_Given material:_
Content starts

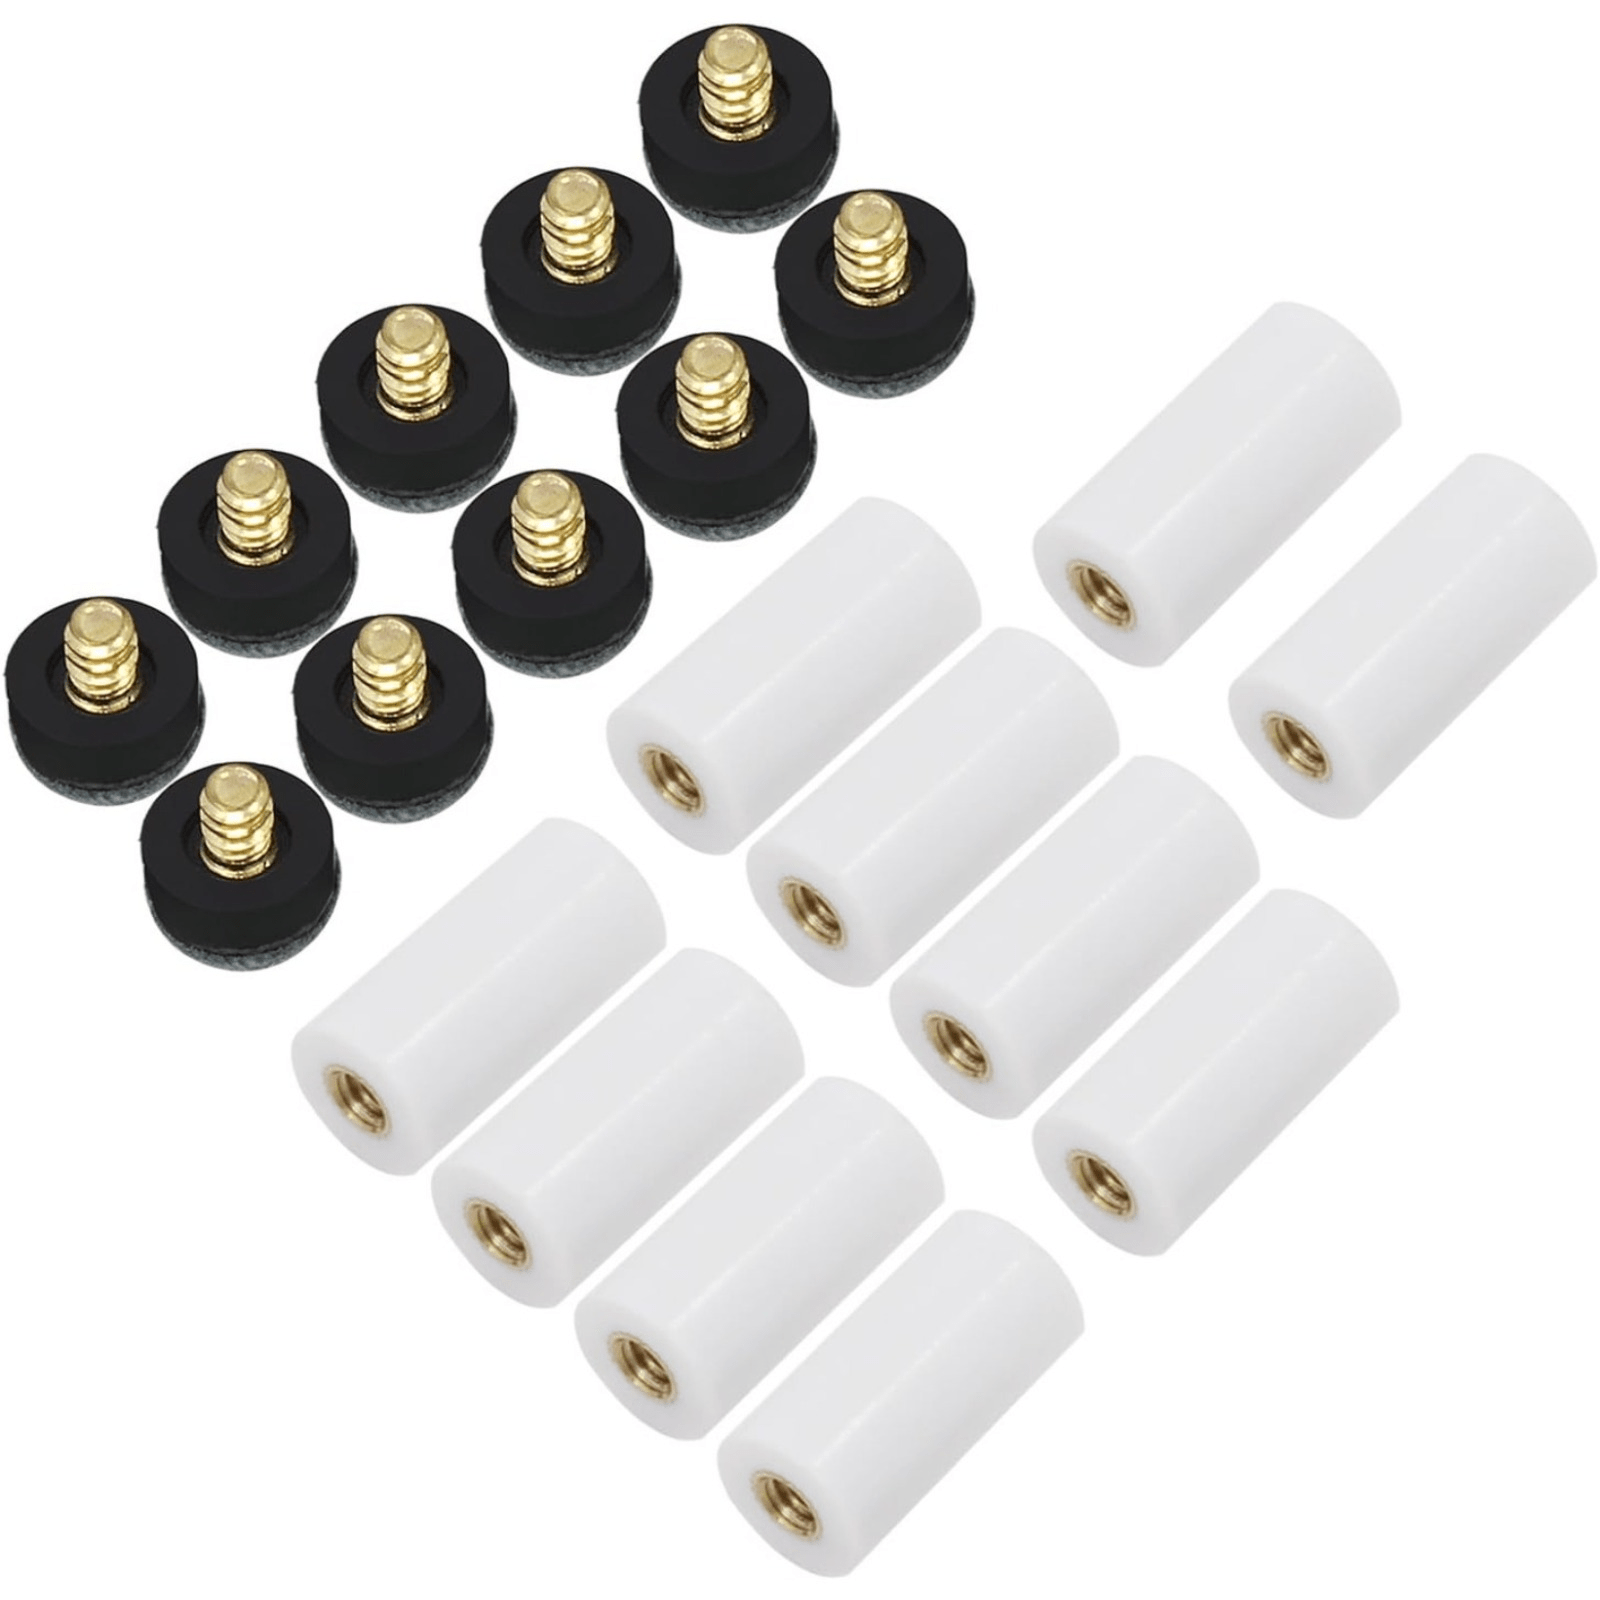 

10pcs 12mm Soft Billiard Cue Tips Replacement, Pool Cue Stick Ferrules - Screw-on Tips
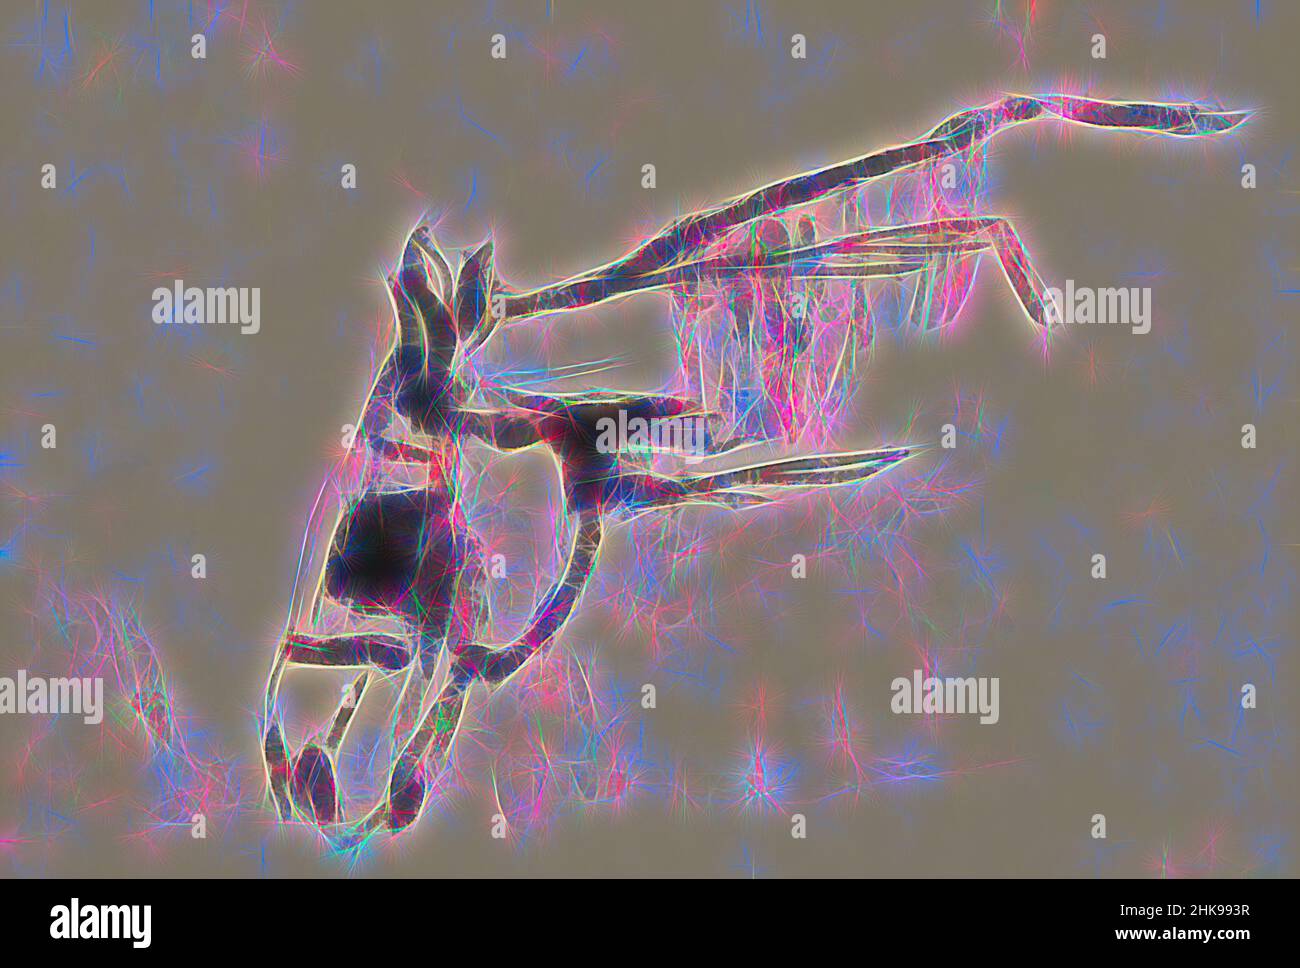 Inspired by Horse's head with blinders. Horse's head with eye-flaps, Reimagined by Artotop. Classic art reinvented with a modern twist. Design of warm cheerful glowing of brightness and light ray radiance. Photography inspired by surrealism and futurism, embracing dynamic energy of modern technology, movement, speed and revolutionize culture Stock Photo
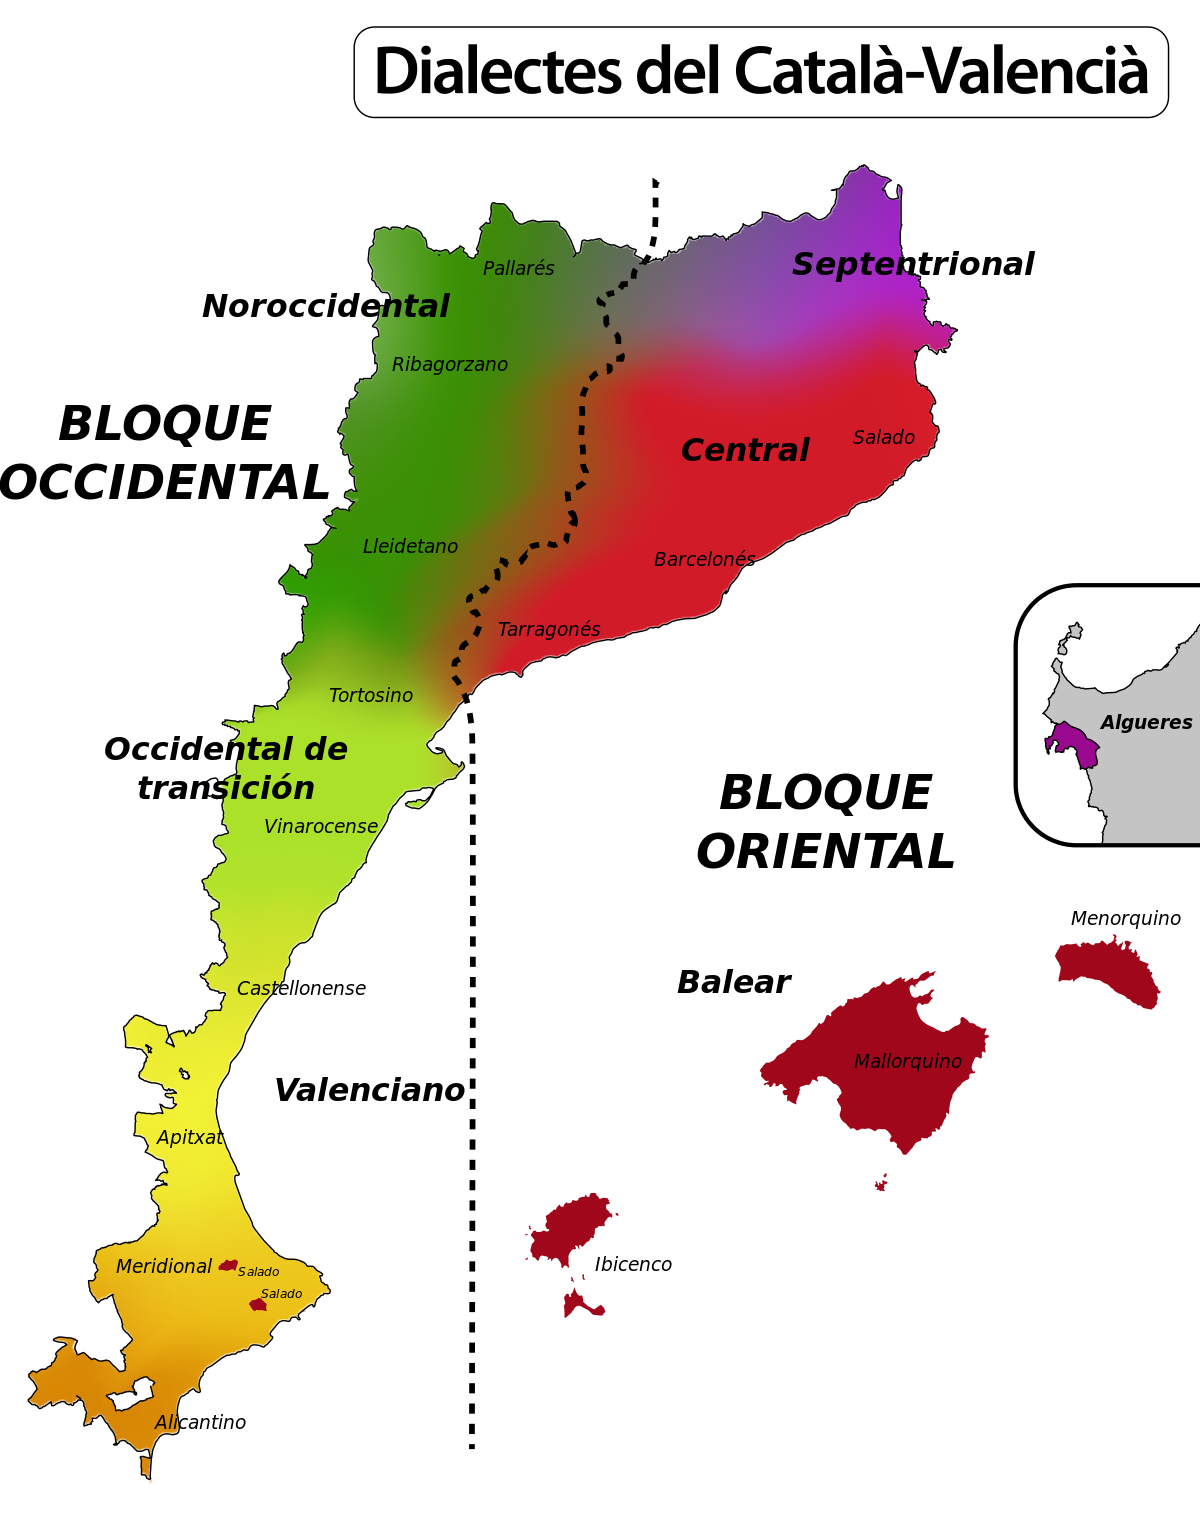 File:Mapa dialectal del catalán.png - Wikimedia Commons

Content ends

_Task description:_ Copy all of the material word for word, and include none of its pictures.

_Task response:_
10pcs 12mm Soft Billiard Cue Tips Replacement, Pool Cue Stick Ferrules - Screw-on Tips
 Inspired by Horse's head with blinders. Horse's head with eye-flaps, Reimagined by Artotop. Classic art reinvented with a modern twist. Design of warm cheerful glowing of brightness and light ray radiance. Photography inspired by surrealism and futurism, embracing dynamic energy of modern technology, movement, speed and revolutionize culture Stock Photo
 File:Mapa dialectal del catalán.png - Wikimedia Commons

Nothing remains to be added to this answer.